**Task requirements**: Copy the data exactly; pictures stay out of the copy.

**Dataset extract**:
▬▬▬▬▬▬▬▬▬▬

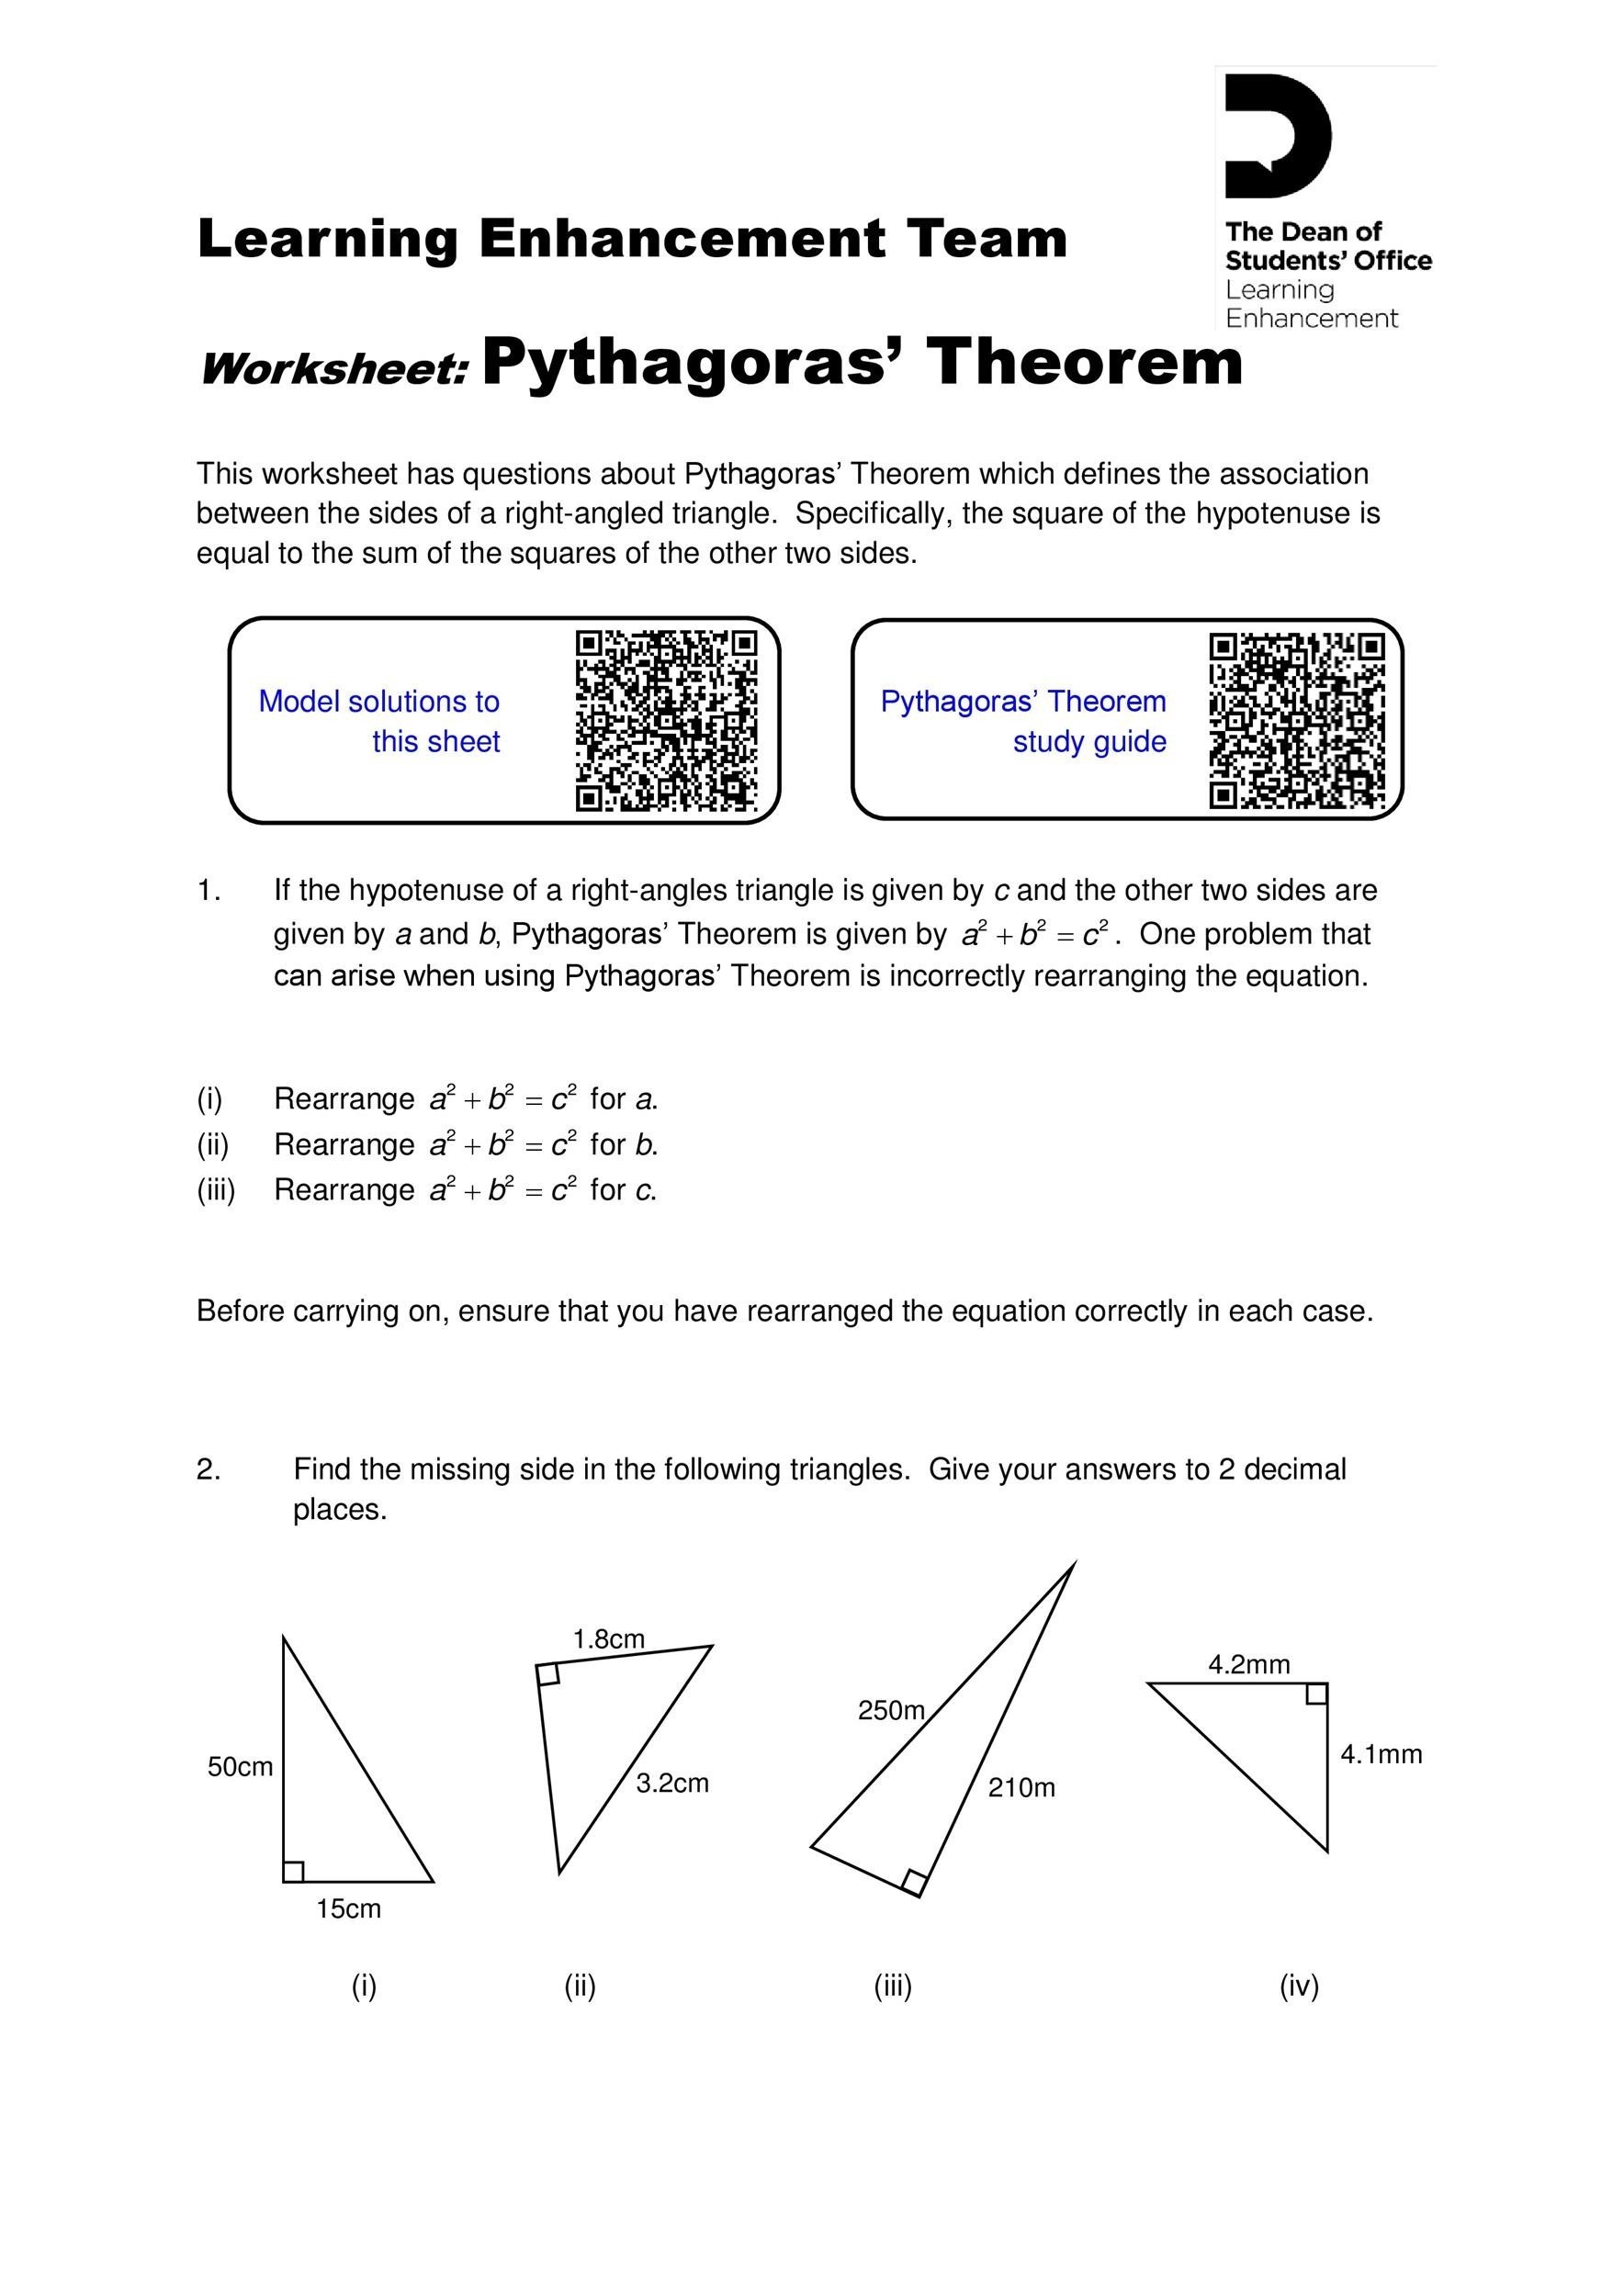 pythagoras-theorem-questions
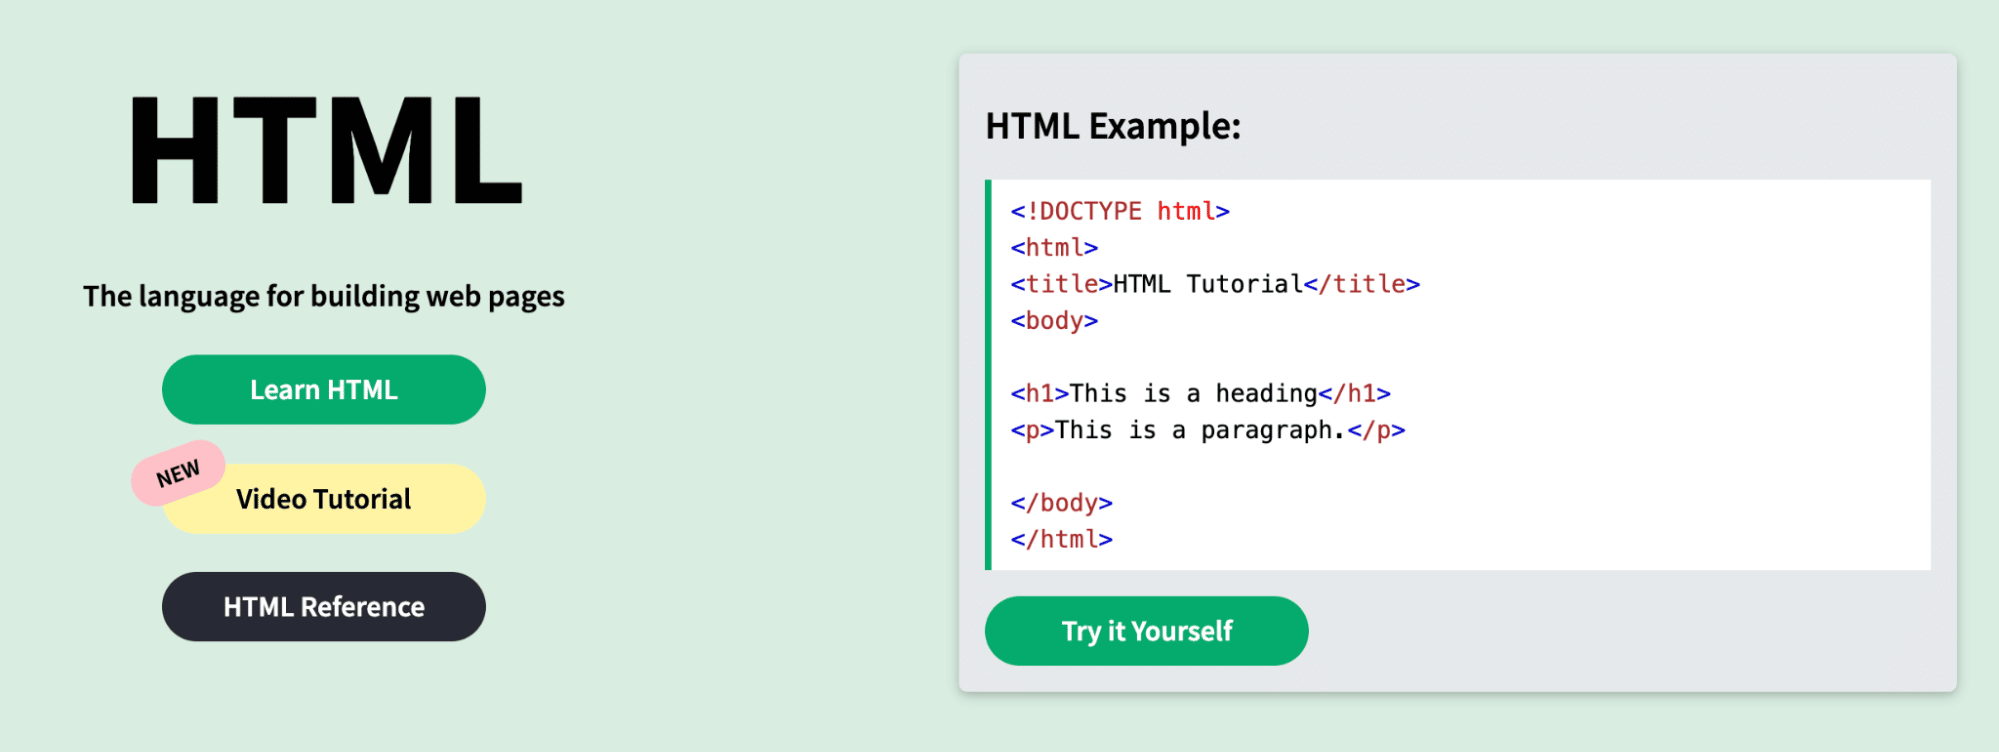 Schermata con uno snippet di esempio di codice HTML
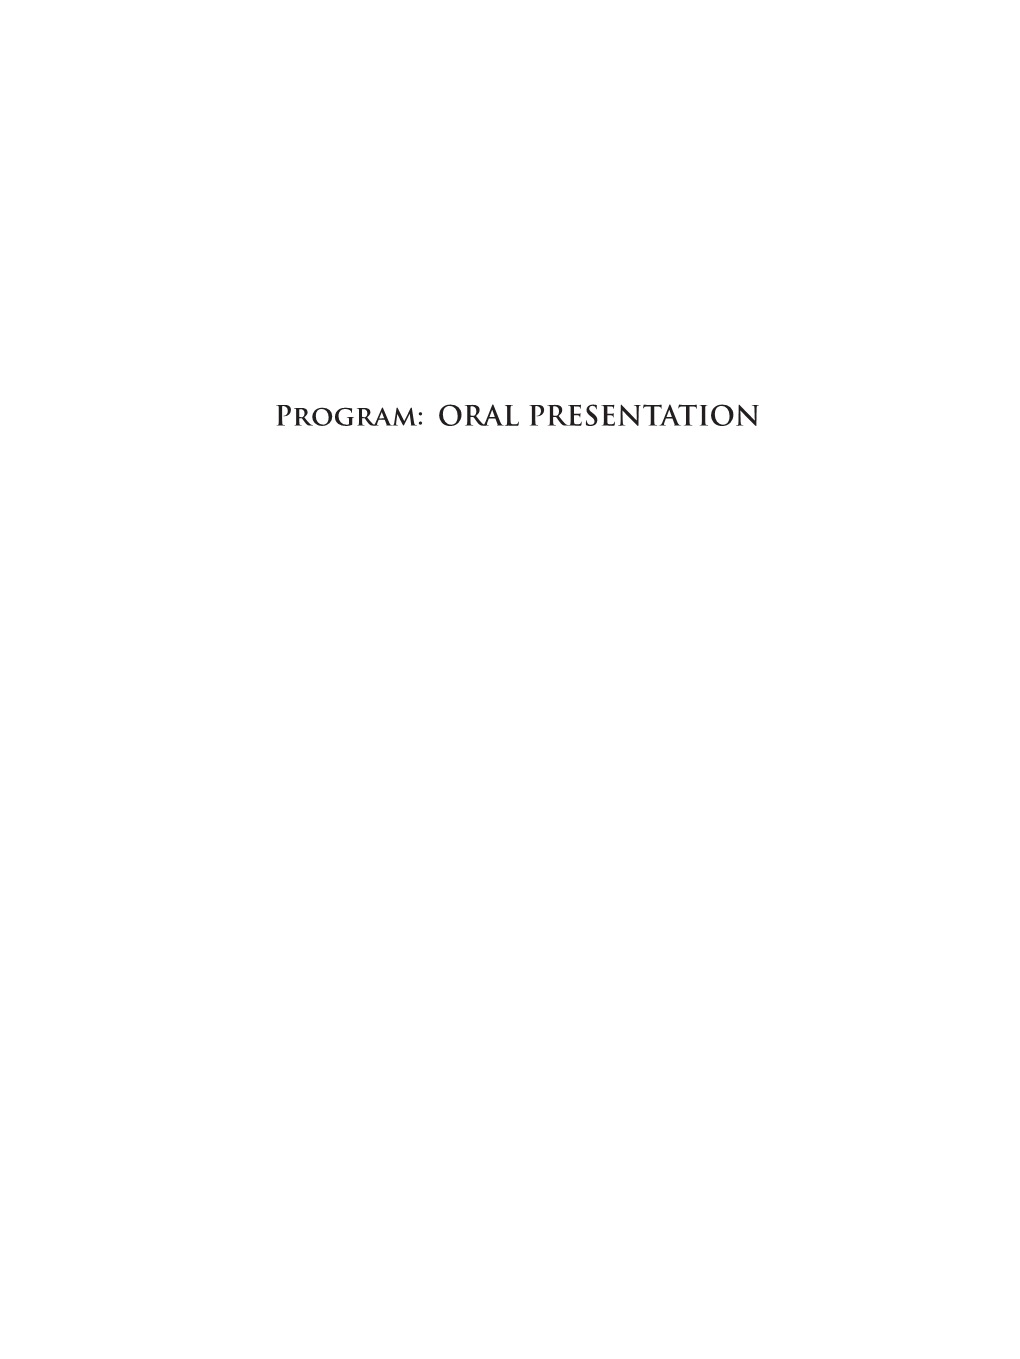 Program: ORAL PRESENTATION ● Day 1 2017 / 03 / 16 (Thu) 9:30–12:30

▬▬▬▬▬▬▬▬▬▬

**Output of the exercise**:
 pythagoras-theorem-questions
 Schermata con uno snippet di esempio di codice HTML
 Program: ORAL PRESENTATION ● Day 1 2017 / 03 / 16 (Thu) 9:30–12:30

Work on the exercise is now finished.